Thursday, April 14, 2011



Eggs have inspired designers with its perfect shape to embellish and replicate this extraordinary simplicity in all sorts of final products, although the perfection of nature is hard for any of us to improve upon. Here are a few designers who have tried.

Back in 1885 Czar Alexander III needed to up the ante for his twentieth wedding anniversary that coincided with Orthodox Easter.  Now here’s a good husband, he had heard his wife had discovered a little known young jeweler named Peter Carl Faberge. Czar Alex, under the cloak of secrecy, went out in search of the neophyte designer and commissioned him to whip up something unexpected that would turn his sweet Czarina into a pool of jelly. With little time to prepare Pete put his talents to work creating the first Faberge egg, a simple enameled egg with a surprise inside. Once opened it revealed a golden yolk and inside the yolk was a golden hen that concealed a miniature diamond replica of the royal crown and a ruby egg. The Czarina was pleased, very pleased. Faberge had a standing contract that went on for two generations until the royal family was snuffed out in 1917. The eggs are now in museums and private collections all over the world. One of the largest collections remained in the Forbes museum for years until recently when it was purchased by a Russian oil magnate with the intention of returning it to Russia. Eight eggs still remain unaccounted for so keep your eyes open at your local flea market or multi-dealer antique shops. Who knows?

From the beautifully overly ornate to the simplified contemporary, here is an example of how current technology can scramble the egg into design success.  In 1964 modPod took the egg, creatively cracked it open, and popped out a chair. They added speakers and an ottoman and now we have a design icon that is as functional as it is beautiful. Available through Inmood the chair and ottoman are available in an array of color combinations but our favorite is the one that really looks like an egg.

From the past to the present to the future, James Law Cybertecture has been working on creating a whole new way of protecting life in Mumbai, a city on the verge of being destroyed by it.  The egg building promotes every new piece of architectural ingenuity. From its green construction to its use of alternate energy sources the egg includes wind turbines, cooling rooftop gardens, greywater recycling, and takes up 20% less space than a conventionally shaped building would. Inhabitants of the building would have their blood pressure and weight monitored and recorded when they use the washroom (which is actually a little creepy) and if this isn’t enough if they don’t like their view they can customize it with a real time virtual reality of their favorite space. Now how’s that for a future to look forward to?


Egg and Dart
Both the Greeks and Romans used this decorative molding pattern in cornices and on Ionic order capitals. The term comes from the alternating rhythm of egg shaped ovals pierced by darts. This decorative motif was picked up by the craftsmen of the Renaissance, then by the Victorians, and we still use the motif as an historical reference in the moldings of new constructions built in the traditional genre.  

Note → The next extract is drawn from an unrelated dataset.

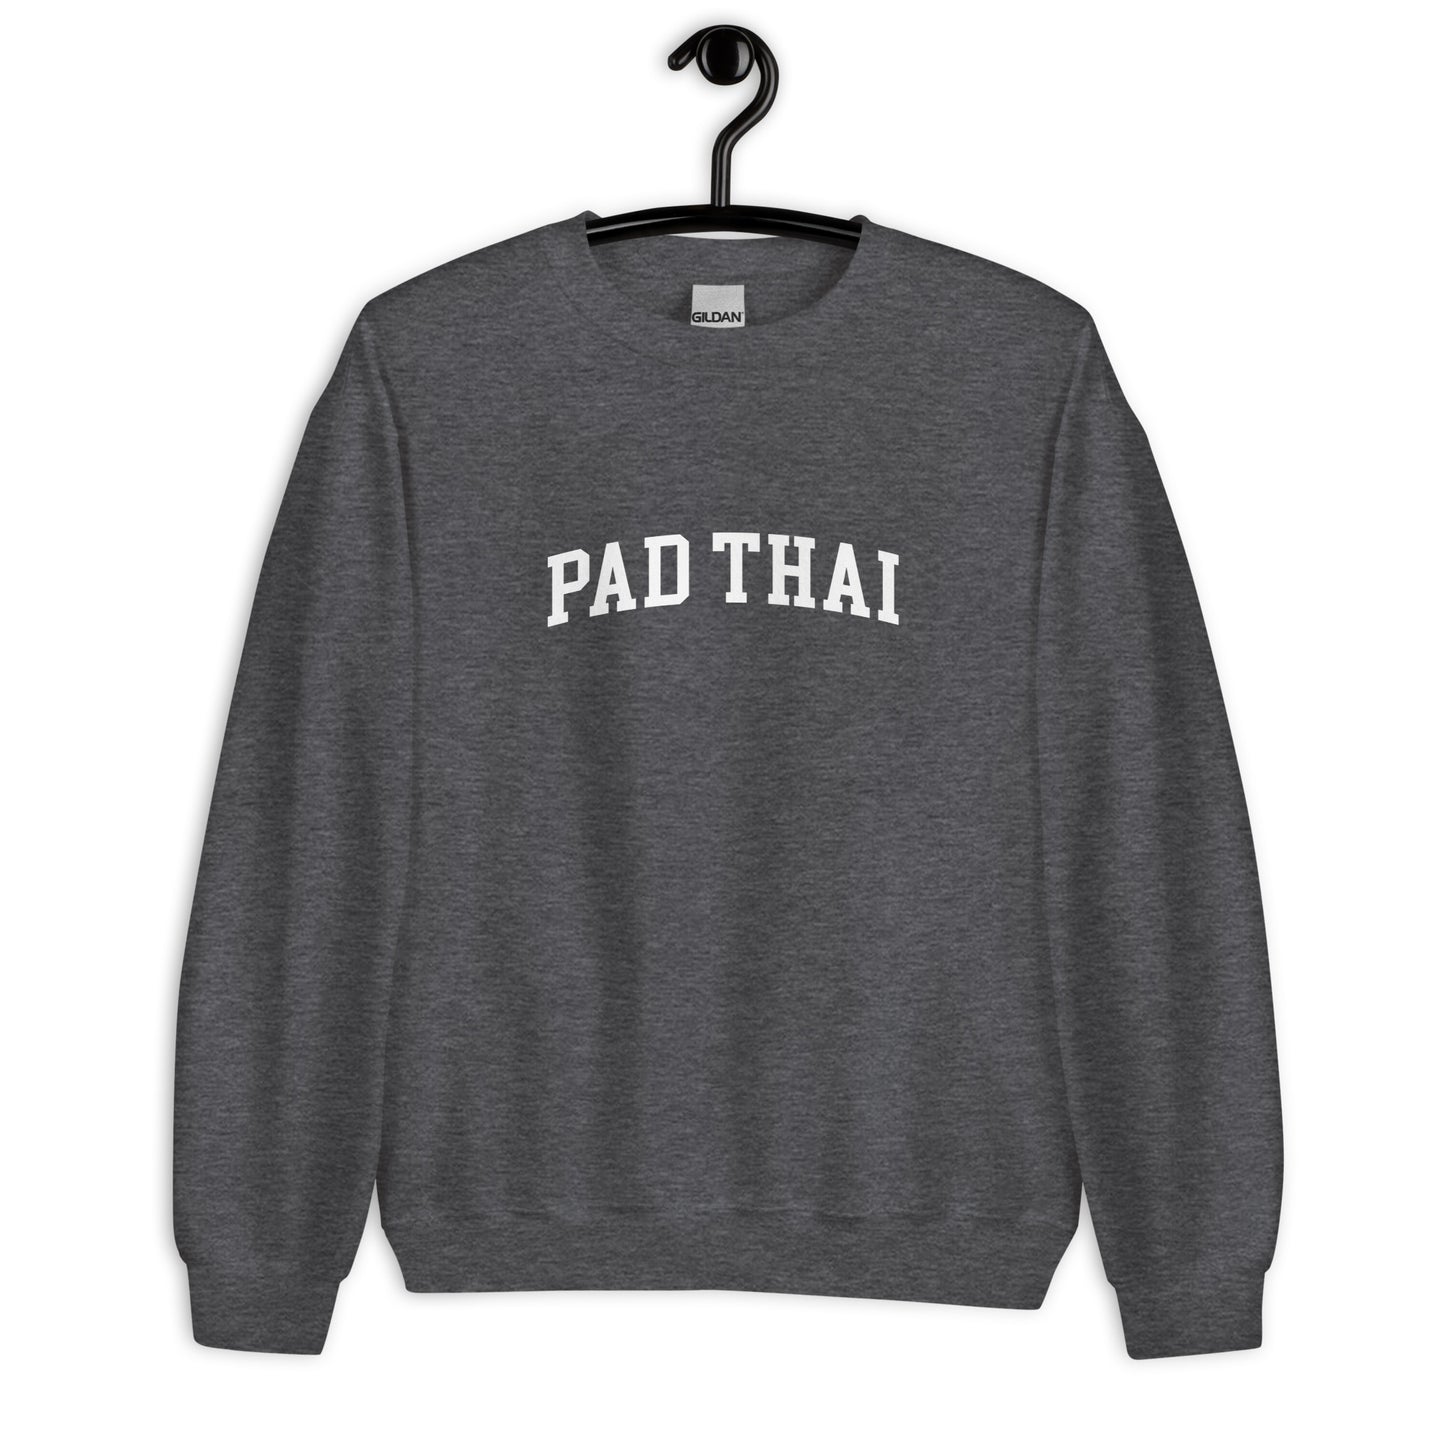 Pad Thai Sweatshirt - Arched Font

The “Marvin Stewart” of our household was at it again on Saturday night doling out tasks for our annual Easter egg dying event. Rick had Emmy donate a couple of pairs of old panty hose from her underwear drawer while I had to scavenger around for a pair of scissors. 

Earlier in the day we made our way to the grocery store and stocked up on organic eggs, some herbs chosen for the graphic possibilities of their leaves, and then our dying agents: beets, onions and black berries. We already had a gallon jug of white vinegar and a collection of rubber bands. Other than some big pots, all our needs were accounted in order to make some of the most beautiful eggs you’ll ever see.

Prep was pretty simple consisting of cutting panty hose into four inch squares, slicing up some beets, pinching some leaves off of our herbs and stripping the skins off of some yellow onions. In separate pots we dumped our onion skins, cut up beets and black berries with a mixture of water and vinegar in a ratio of three parts water to one part vinegar. Then it was on to the stove with our sloshing pots where we cranked up the heat to high until the mixtures came to a boil. While we were waiting for the water to boil we started placing some leaves on the squares of panty hose. We each had our own artistic touch but it was Emmy’s use of oregano spears that seemed to produce the best results. 

After the leaves were in place we gently laid the eggs down on the leaf and panty hose blankets, pulled the hose up tight around the eggs, and twisted and sealed the little Easter packages with a rubber band. 

Our next step in our egg bondage routine was to cut off the excess nylon leaving the eggs look a band of comic bank robbers. The last act was to drop the eggs into the pots and let them sit for a couple of minutes in the bubbling mixture. Once Rick was assured that the process had been complete he turned the heat off and covered the pots of the newly tattooed eggs. 

We left the eggs sit over night and when we woke in the morning we fished out the eggs, cut off the hose and blotted the eggs dry. 

The result was some of the most beautiful Easter eggs Madison had ever seen.